Stephen guest is Emeritus Professor of Legal Philosophy at University College London (UCL). He graduated in Philosophy (1971) and Law (1973) from the University of Otago in New Zealand, receiving the New Zealand Butterworth Prize in Jurisprudence, and taught Logic for two years in the Otago Philosophy Department before studying with Ronald Dworkin at University College, Oxford. With Jo Wolff of the UCL Philosophy Department, he co-chaired with Dworkin the distinguished and internationally well-known annual Colloquia in Legal and Social Philosophy at UCL from 1999 to 2006 (see End of a Golden Era?) He was also staff editor until 2008 of the UCL Jurisprudence Review, the student edited law journal he founded in 1994. A Barrister and Solicitor of the NZ High Court, and Barrister of the Inner Temple, he was a tenant at 199 Strand, London, from 1993 to 2005. Significant opinions he wrote were for the defence in the Privy Council of the NZ multiple murder case of Bain (1996) and as Academic Counsel in the Pitcairn Island sexual abuse case of Fletcher & Others (2006) at all levels including the Privy Council.

In 1987, he was Visiting Scholar at New York University Law School and a visiting researcher at Harvard Law School. He was again Visiting Scholar at NYU for 1996. In both 2005 and 2006, he was Visiting Professor in Jurisprudence in the Otago Faculty of Law. He was a British Academy/Leverhulme Senior Research Fellow for 2006-2007. In 2013 he was Visiting Professor at the University of Namibia Law School, and in 2017, Visiting Professor at the law school of Macau University. At UCL, he was Sub-Dean and Faculty Tutor (1980-85), Secretary of the Bentham Club (1980-85), Secretary to the Bentham Committee (1982-87), Vice-Dean and Deputy Head of Department (1993-1995), Convener of the MA in Legal Political Theory (1995-2000) in the Department of Political Science, Director of Laws Research Students (2004-2006), and Legal Member of the UCL & Hospital Research Ethics Committee (1985-1999). For two decades he was the Convener of both the UCL LLB and University of London LLM programmes in Jurisprudence, and the Convener and Chief Examiner for the University of London International LLB and LLM in Jurisprudence. For 12 years he was also the Convener and Chief Examiner of the Law of Evidence for the London International LLB. From 1993 - 2006 he was Advisory Professor for the London International LLB at the Kemayan Advanced Tutorial College in Kuala Lumpur. He wrote subject guides for both Evidence and Jurisprudence for the London International degrees. In 2001, UCL awarded him the distinguished teaching award for the Faculty of Laws and, in 2011, the Stephen Guest Writing Prize was instituted by the UCL law students to mark the best writing in Jurisprudence within the Faculty. Eight of his successful PhD students are in permanent academic posts around the world.

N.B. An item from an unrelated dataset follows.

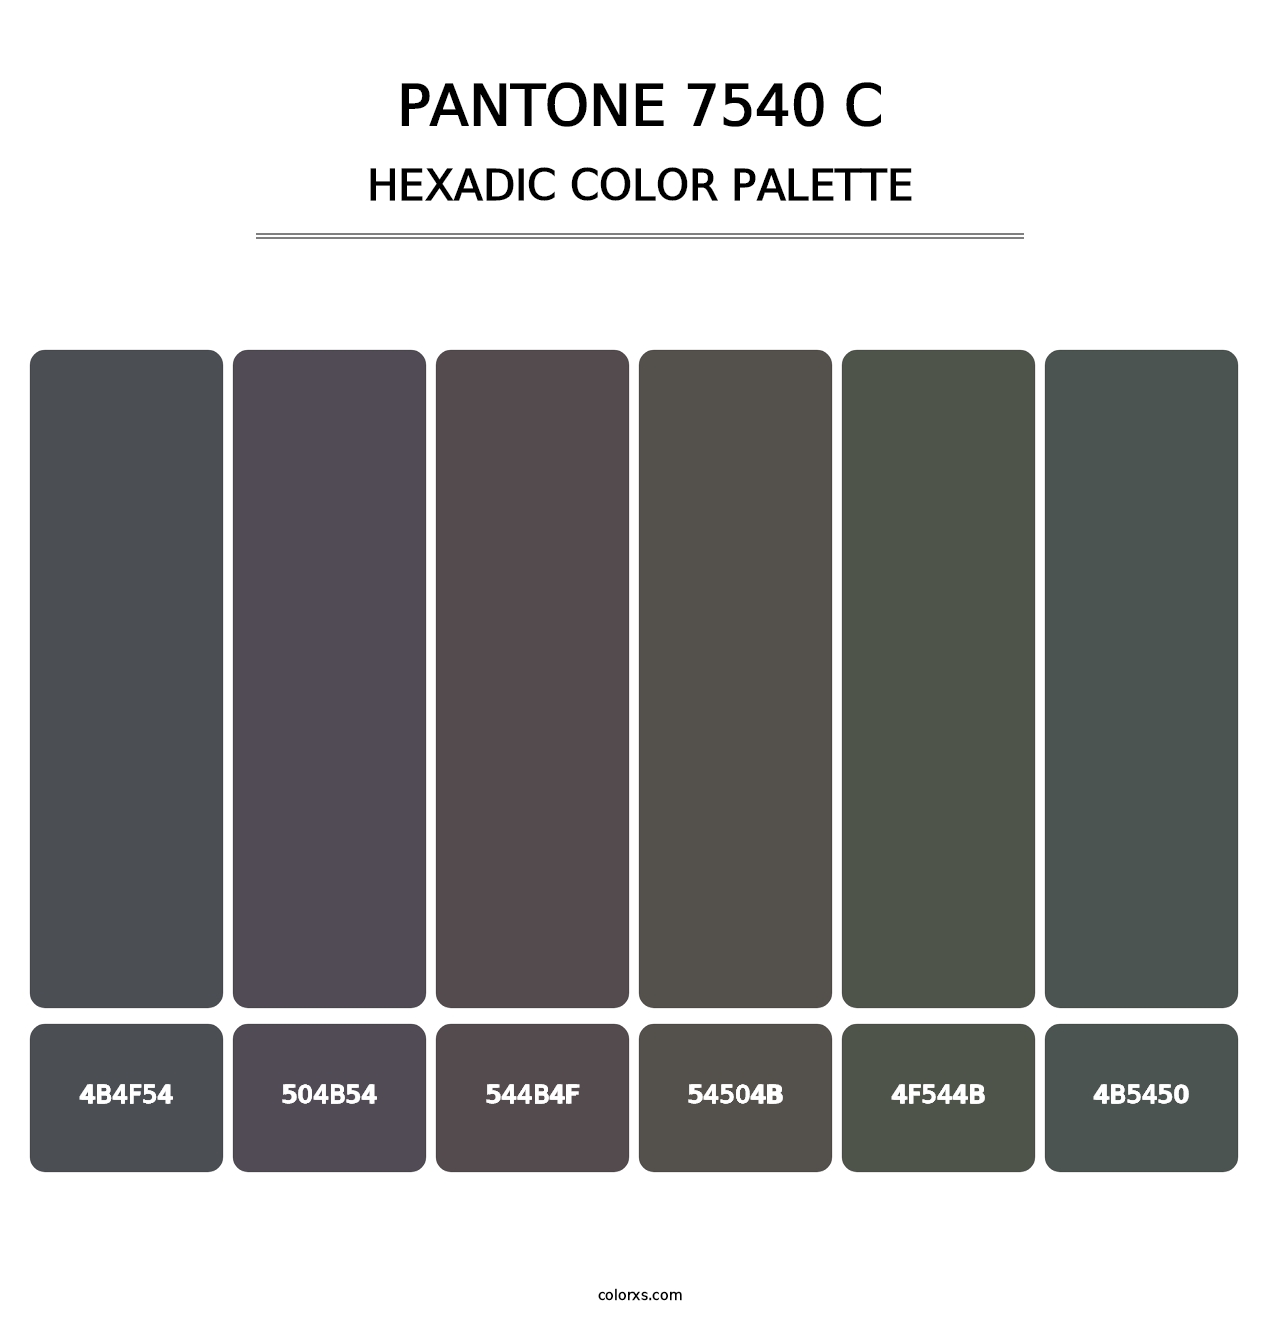 PANTONE 7540 C - Hexadic Color Palette

He plays the violin and was formerly a founder member of the Dunedin Civic Orchestra, a violinist in the New Zealand National Youth Orchestra for seven years, an active member of the Dunedin Opera Company, and was twice a finalist in the NZ Chamber Music Federation competition. He was President of the OUSA Music Union 1968-1971 and Board member of the Dunedin Chamber Music Society. He was also a violinist in the Oxford University orchestra, the University College Oxford orchestra, UCL opera and orchestra, and others. He has performed many times in London at the UCL & Hospital Chamber Music Society.

His other main interests are painting, for which he won a prize at the NZ Universities Arts Festival in 1968 - Wind, Trees, Insects - and hunting deer on the West Coast of New Zealand.